Emirati businessman (born 1974)

Ali Saeed bin Harmal Al Dhaheri (born 1974) is an Emirati businessman and former government official who has been serving as the inaugural and incumbent chairman of Abu Dhabi University since 2003. He had also been the managing director of Abu Dhabi National Exhibition Center (ADNEC). Al Dhaheri is Vice Chairman of the Abu Dhabi Chamber of Commerce and Industry since 2021.

==Education and early career==
Ali Saeed Bin Harmal Al Dhaheri was born in 1974 in the United Arab Emirates. He finished his MBA at the American University in Washington D.C. Soon after, he established a number of business ventures across different divisions. In 1995, he started working for government on improvement strategy, MICE, and education management and since then has been active with government work and improvement strategy, MICE, and education management. He obtained a PhD in management at the Durham University in the United Kingdom.

== Career ==
From 2006 to 2016 Al Dhaheri managed the Abu Dhabi National Exhibition Center (ADNEC), largest exhibition center in the Middle East. The organization is alternatively known as ADNEC Group. Dhaheri also filled in as a Director of ADCG (UK) Ltd. until November 2016.

Al Dhaheri is the CEO of Abu Dhabi University Holding Company, and Chairman of the Liwa International School which was founded in 1992. He is a member of the board for London ExCel and National Takaful Company and a member from the executive committee for Emirates Foundation.

Al Dhaheri founded Abu Dhabi University in 2003 and serves as its Chairman, as well as Chairman of the Executive Board and, under his leadership, the University obtained international academic accreditation from the Western Association of Schools and Colleges: Senior College and University Commission (WSCUC). He is the Chairman of Al Khawarizmi International College which is Accredited and licensed by the UAE Ministry of Higher Education and Scientific Research (MOHESR) in year 2000.
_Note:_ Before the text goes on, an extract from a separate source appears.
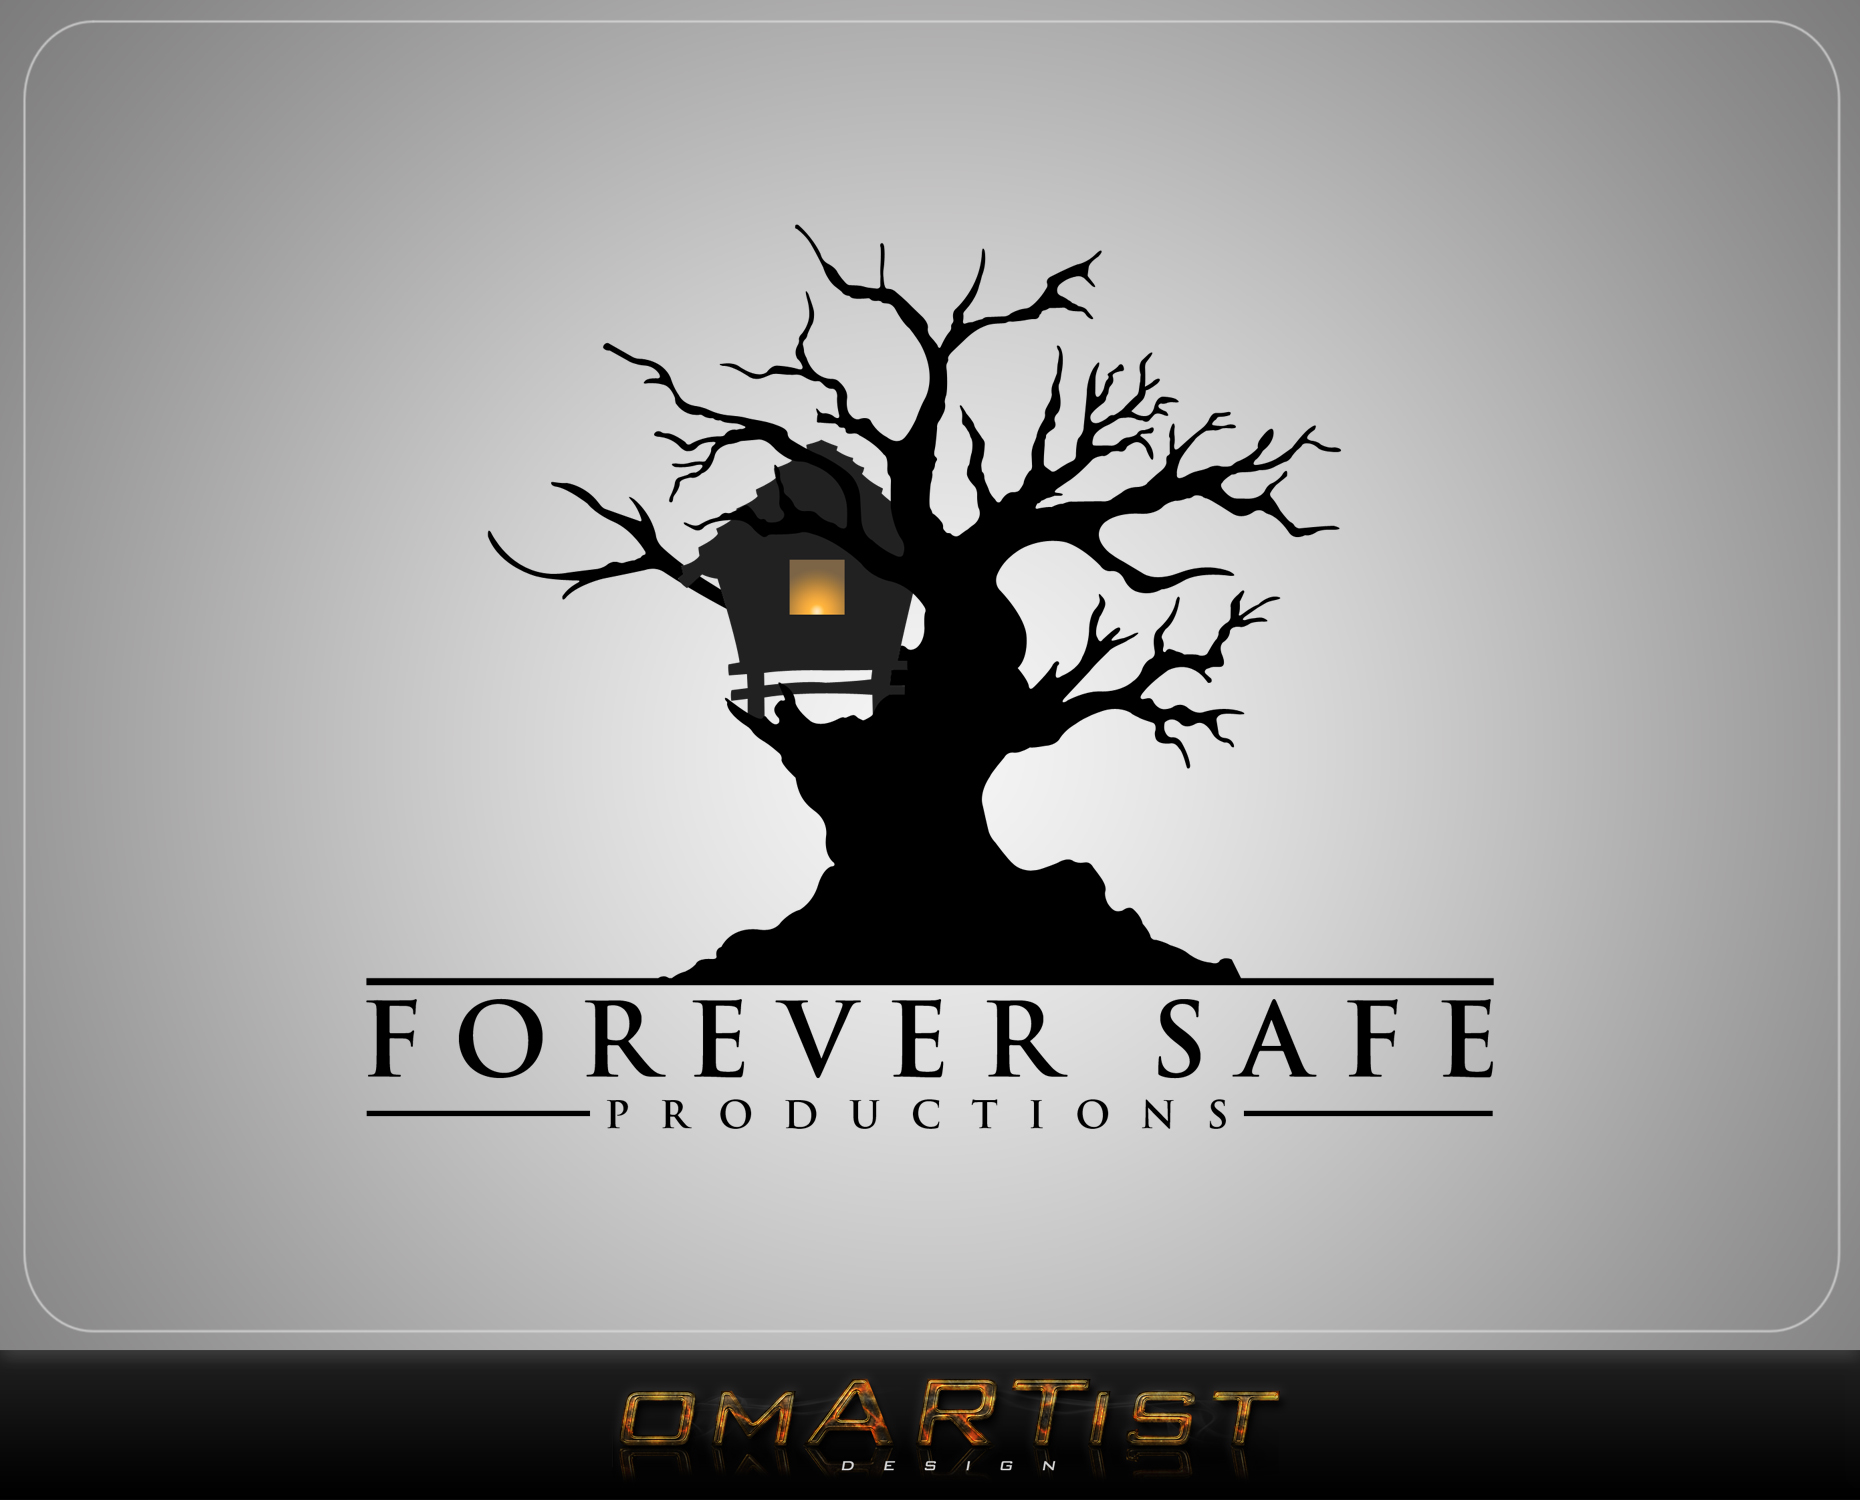 Logo Design by omARTist - Entry No. 20 in the Logo Design Contest Inspiring Logo Design for Forever Safe Productions.

Al Dhaheri is also the Chairman of Fortune Properties LLC which is a company that specializes in the construction of exclusive educational campuses, associated research facilities, business parks and other facilities. The company's projects take environmental concerns into account. Since July 2021, Al Dhaheri has served as the first Vice Chairman of the Abu Dhabi Chamber of Commerce and Industry.

Ali Saeed Bin Harmal Al Dhaheri is the Chairman of MAGNA Investment, and as an executive, Dhaheri holds 4 appointments at 4 active companies.